Retour aux sources pour la compagnie Italique, fondée à Marseille, avec 1962. Cet hymne aux amours contrariés dans le contexte de l’indépendance algérienne montre que le passé peut s’avérer bien présent. Attention : œuvre majuscule.

Un homme et une femme contemplent un mur sur lequel sont projetées des images d’archives en noir et blanc de l’Algérie et de Marseille. D’emblée, on comprend par ce dispositif visuel que Marseille et Alger sont des jumelles que la mère Méditerranée relie avec un cordon ombilical bleu. Mystérieuse pour l’enfant qu’a été la metteuse en scène et actrice Valérie Grail, l’Algérie ne l’est pas moins pour l’auteur Mohamed Kacimi, qui a besoin de creuser par l’écriture pour comprendre ce mélange d’attraction/répulsion envers son pays natal. Quoi de mieux que le théâtre pour rencontrer plus directement le public et lui faire partager ses interrogations d’enfant devenu grand via un mélange subtil de récit autobiographique et de fiction ?
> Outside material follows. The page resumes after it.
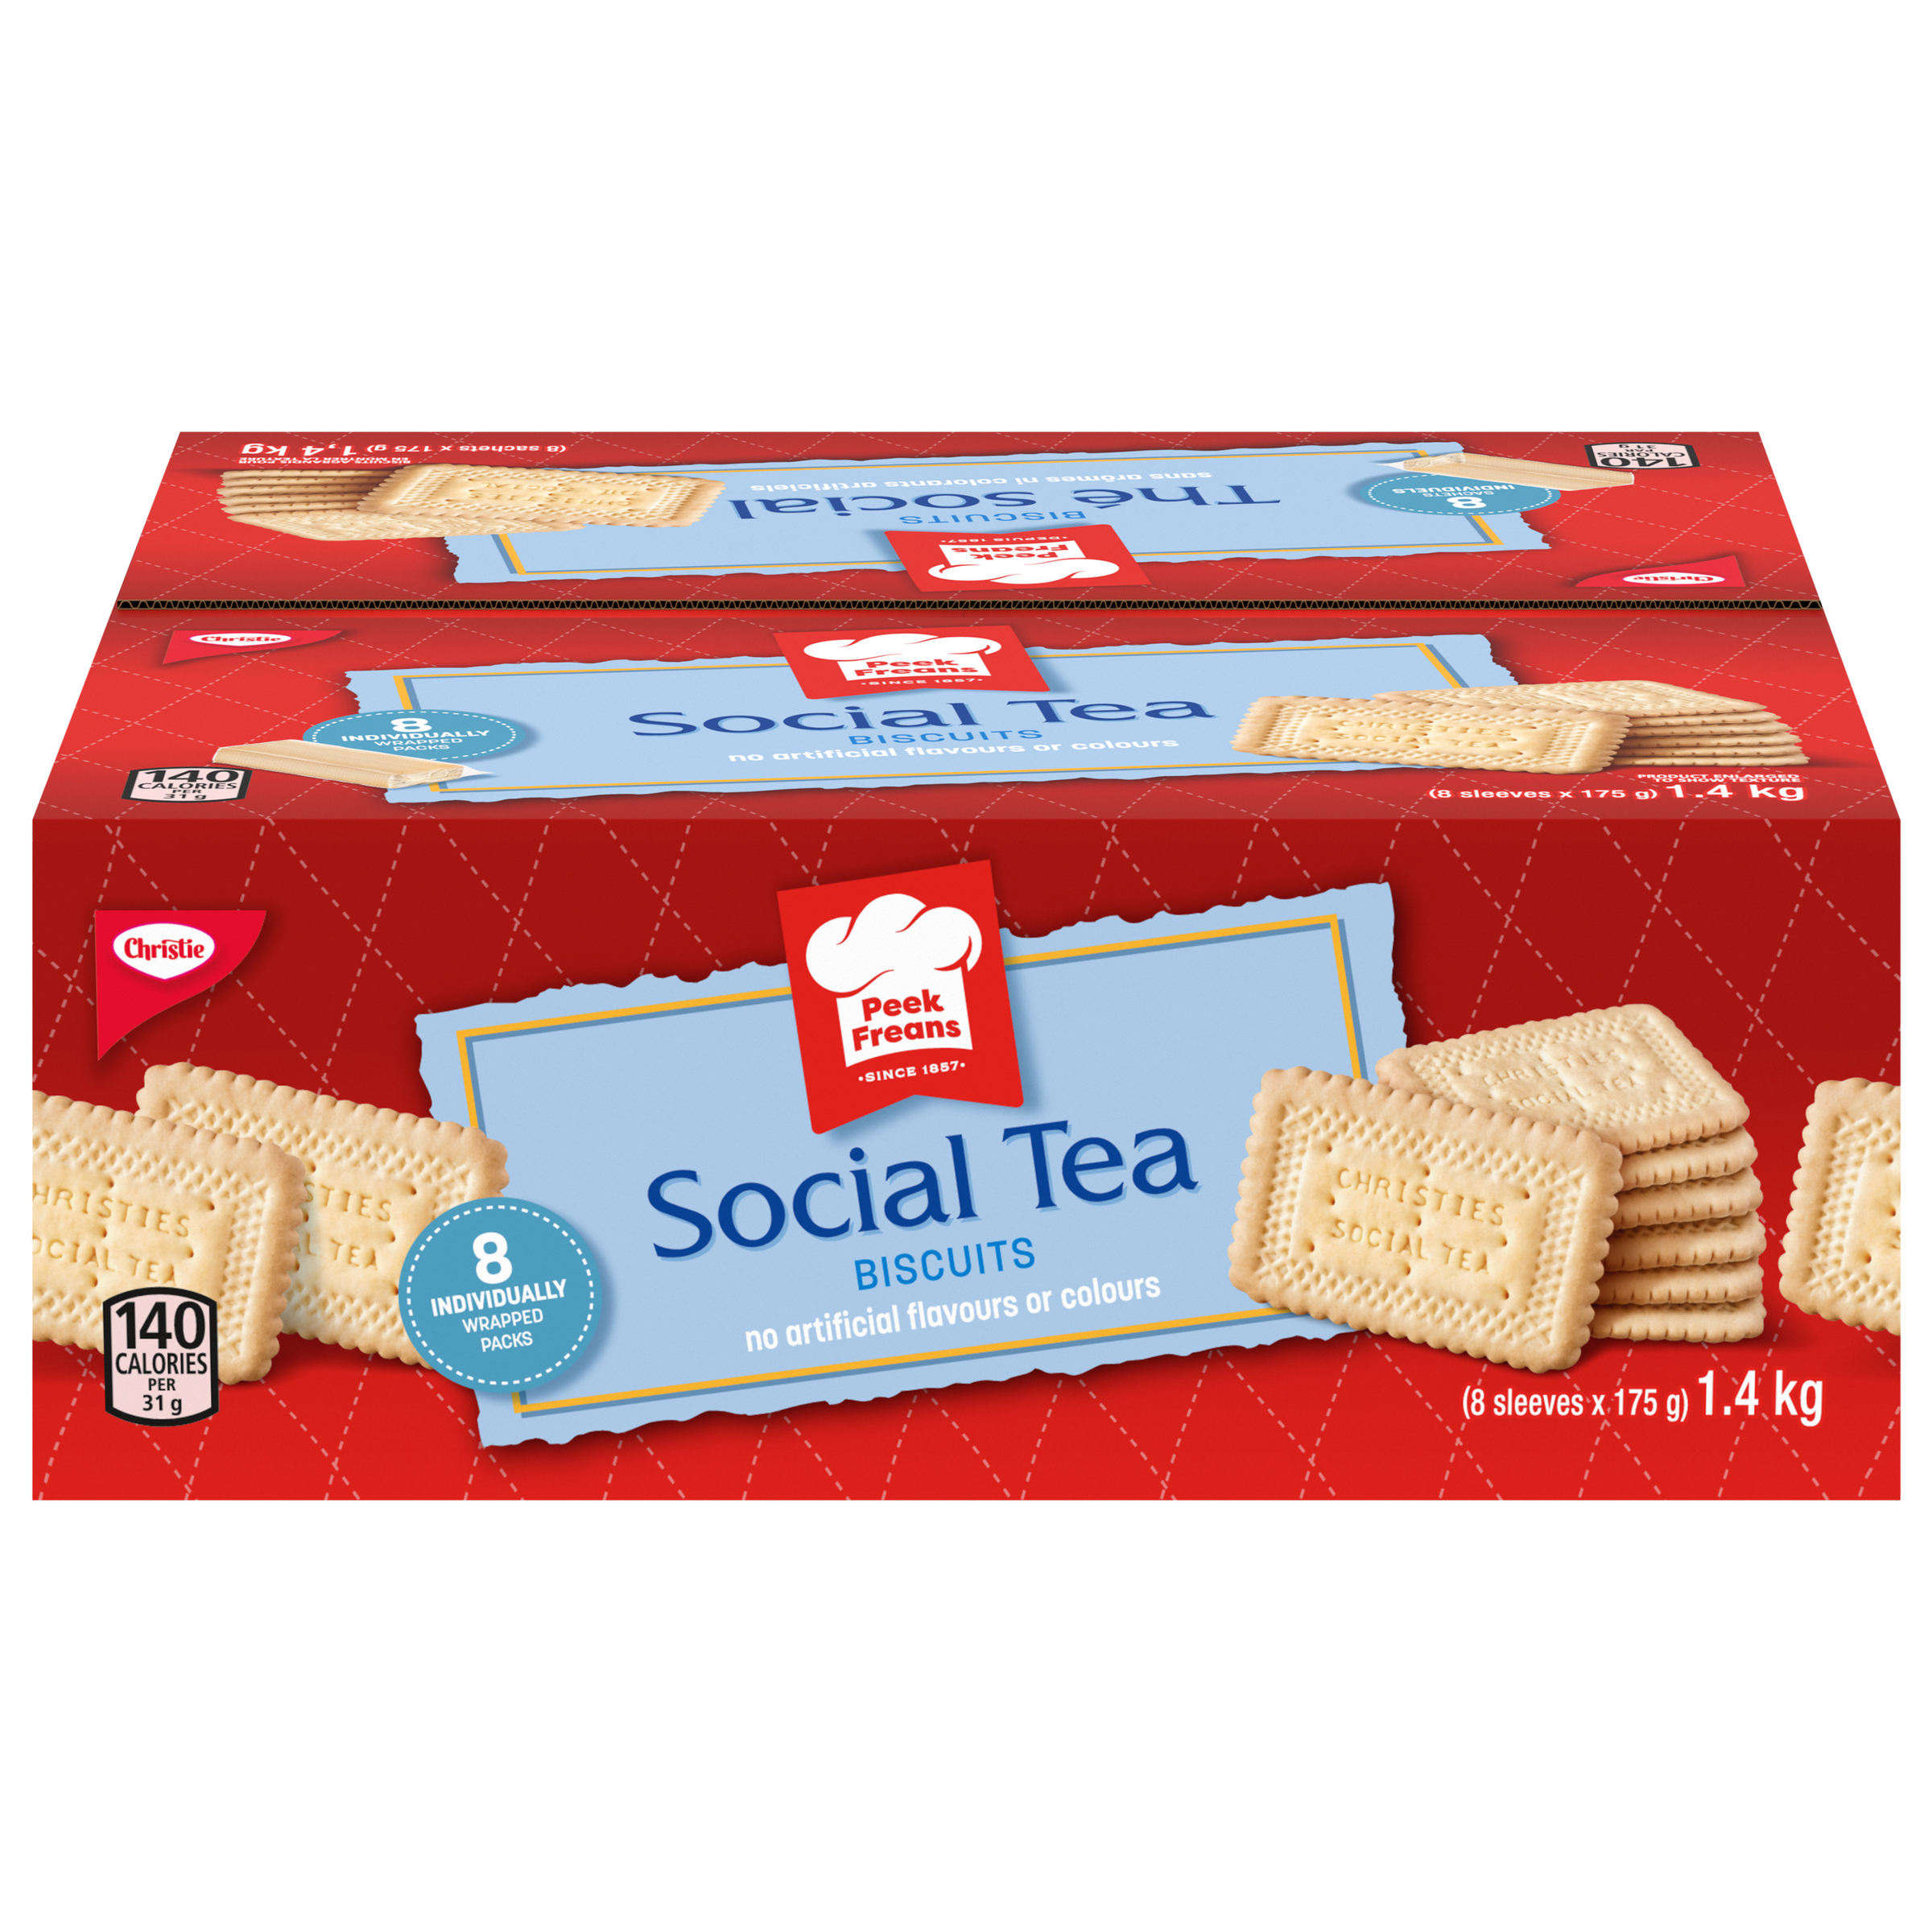 Peek Freans Social Tea Biscuits 1.4 KG

Originaire d’Algérie et y travaillant aujourd’hui, Nadia attend un bateau à Marseille pour la rejoindre. C’est dans ce temps suspendu qu’elle retrouve son cousin — et amour d’enfance — Gharib qui, lui, a fui l’Algérie. L’évocation de leurs souvenirs lors de l’indépendance algérienne va permettre de faire ressurgir des émotions enfouies et des rancœurs toujours présentes. Il est donc question de voyages dans le temps et dans l’espace, entre des enfants devenus adultes qui partagent, comme beaucoup de Marseillais, une même histoire. Mais c’est aussi un voyage dans leurs propres émotions auquel sont conviés les spectateurs grâce à un gouvernail littéraire d’une poésie et d’une justesse rares, et à un duo de navigateurs hors pair constitué par les comédiens Valérie Grail et Zachariya Gouram. La mise en scène alliant musique et chants acoustiques au jeu de lumière intimiste n’a plus qu’à souffler dans les voiles du spectacle pour faire passer des sentiments tragiques ou comiques comme seul un ami intime ou un proche pourrait le faire. Les paroles des jeunes Nadia et Gharib sont finalement les meilleurs témoins de l’absurdité de la religion et des traditions familiales quand elles contrarient un amour naissant. A l’issue du spectacle, metteur en scène, acteurs et comédiens ne méritent qu’une chose : une pluie de youyous.